(1.) In this appeal u/S. 173, Motor Vehicles Act, 1988, for short, the Act, the Award passed by Claims Tribunal under S. 140 is challenged by the Insurer on a short ground. The question is, if it was incumbent on the said Tribunal to apportion or "specify" in the impugned award the "no fault liability" arising out of accident in which two motor vehicles were used so that the entire amount is not required to be paid by the Insurer who is required to discharge that liability of owner of one of the vehicles only.
(2.) When the appeal came up for admission, I entertained doubt if it could be admitted as the appellant is required as per S. 173 to make deposit of Rs. 25,000/ - or 50% of the amount awarded, whichever is less. In the instant case, claimant/respondent No. 1 has been awarded Rs. 7,500/-. Although my attention was drawn to this Court's decision in Jaswant Rao v. Kamlabai, AIR 1990 Madh Pra 354, rendered at the Indore Bench and it was pointed out that the impugned award being passed on 10-1-1989, no deposit need be made as the new Act came into force only from 1-7-1989, I failed to persuade myself to accept the law laid down to be correct. Happily, appellant having duly deposited Rs. 3,750/-, being 50% of the amount of the award, I am relieved of the anxiety. Otherwise, it might have been necessary for me to make a reference to Full Bench for reconsideration of the law laid down in the D.B. decision in aforesaid Jaswant Rao's case (AIR 1990 Madh Pra 354). I may, however, still observe that inspiration for that decision came from a chain of other decisions of this Court on the scope of S. 6, General Clauses Act, 1897 (referred in S. 217(4) of the Act). But, all those decisions have been overruled recently in Babulal's case AIR 1990 Madh Pra 317 (FB).

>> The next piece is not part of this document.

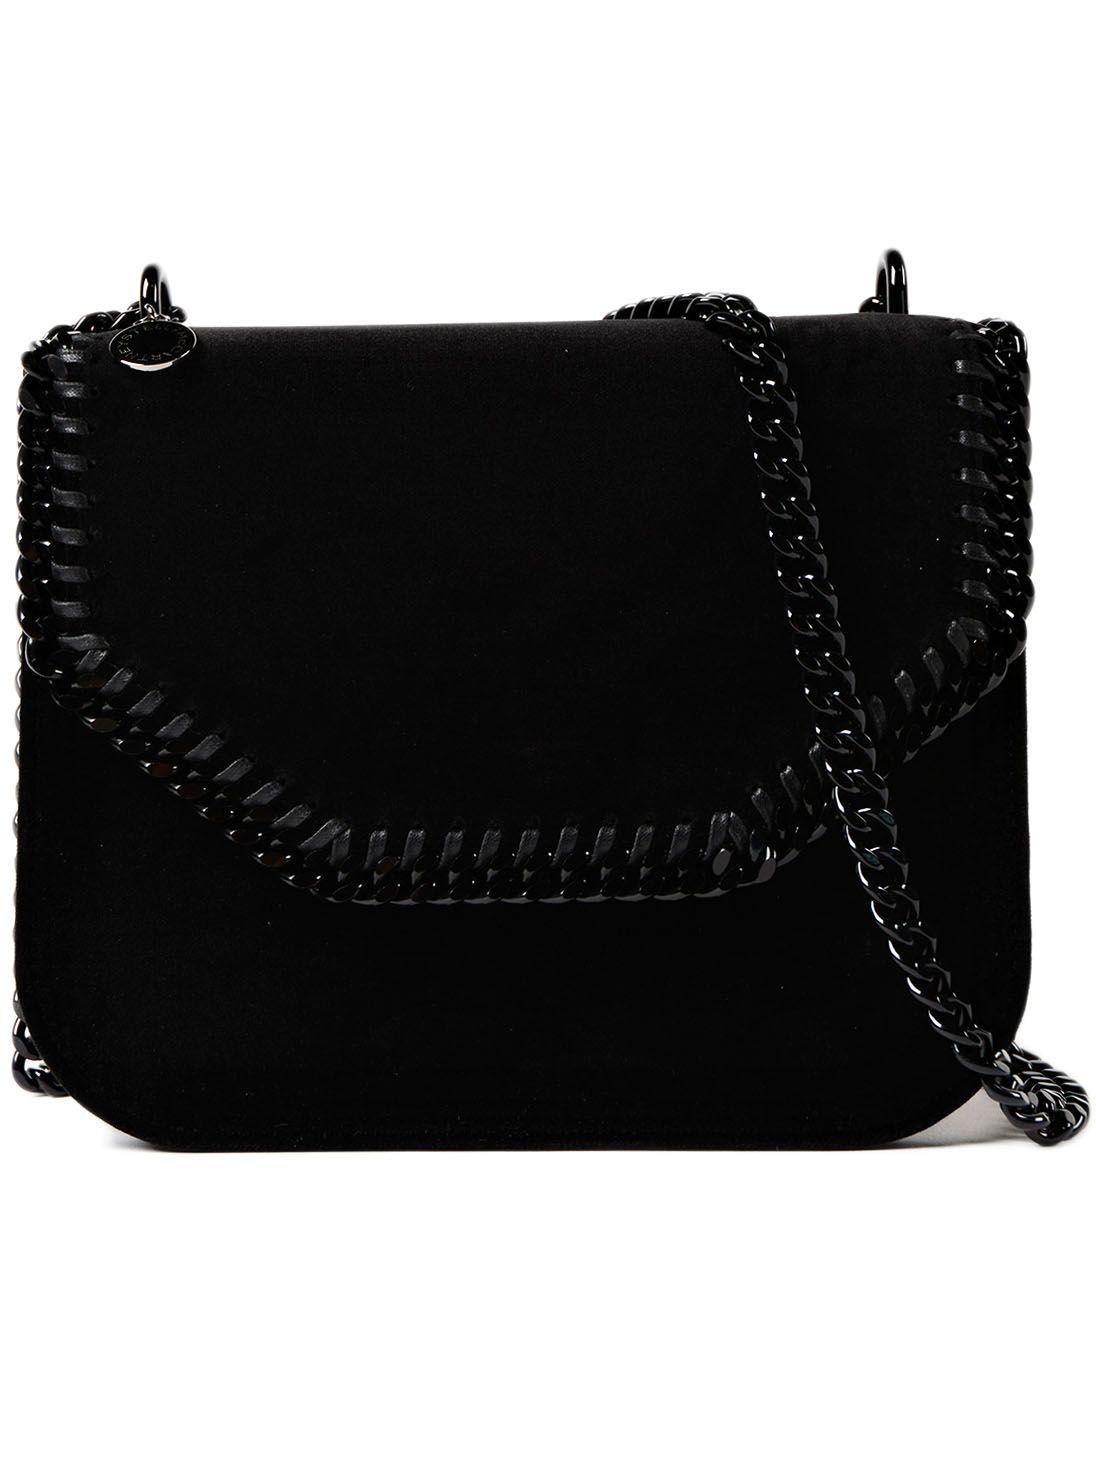 Stella McCartney Shoulder Bag Falabella

(3.) On facts, it is undisputed that two vehicles were involved in the accident and the claimant who sustained injury and has got an interim award for that, was travelling in bus No. C.P.H. 8440, owned by respondent No. 3, Madhya Pradesh State Road Transport Corporation, for short, the "Corporation". The bus collided with truck bearing registration No. CIW 7432 owned by respondent No. 2, but the truck is admittedly insured with the appellant. Shri Johri, appellant's counsel, contended that case of collision prima facie made it a case of contributory negligence of the vehicles involved in the accident and that had to be determined by the Tribunal when passing award finally u/S.168 of the Act. Still, even at the stage of making interim award u/S. 140, the Tribunal was not excused of its duty to apportion "no fault liability" between the owners of the two vehicles involved in the accident and that duty was ingrained in the provision under which the award was passed and that the expression used in S.140(1), "jointly and severally" explicitly referred to that duty.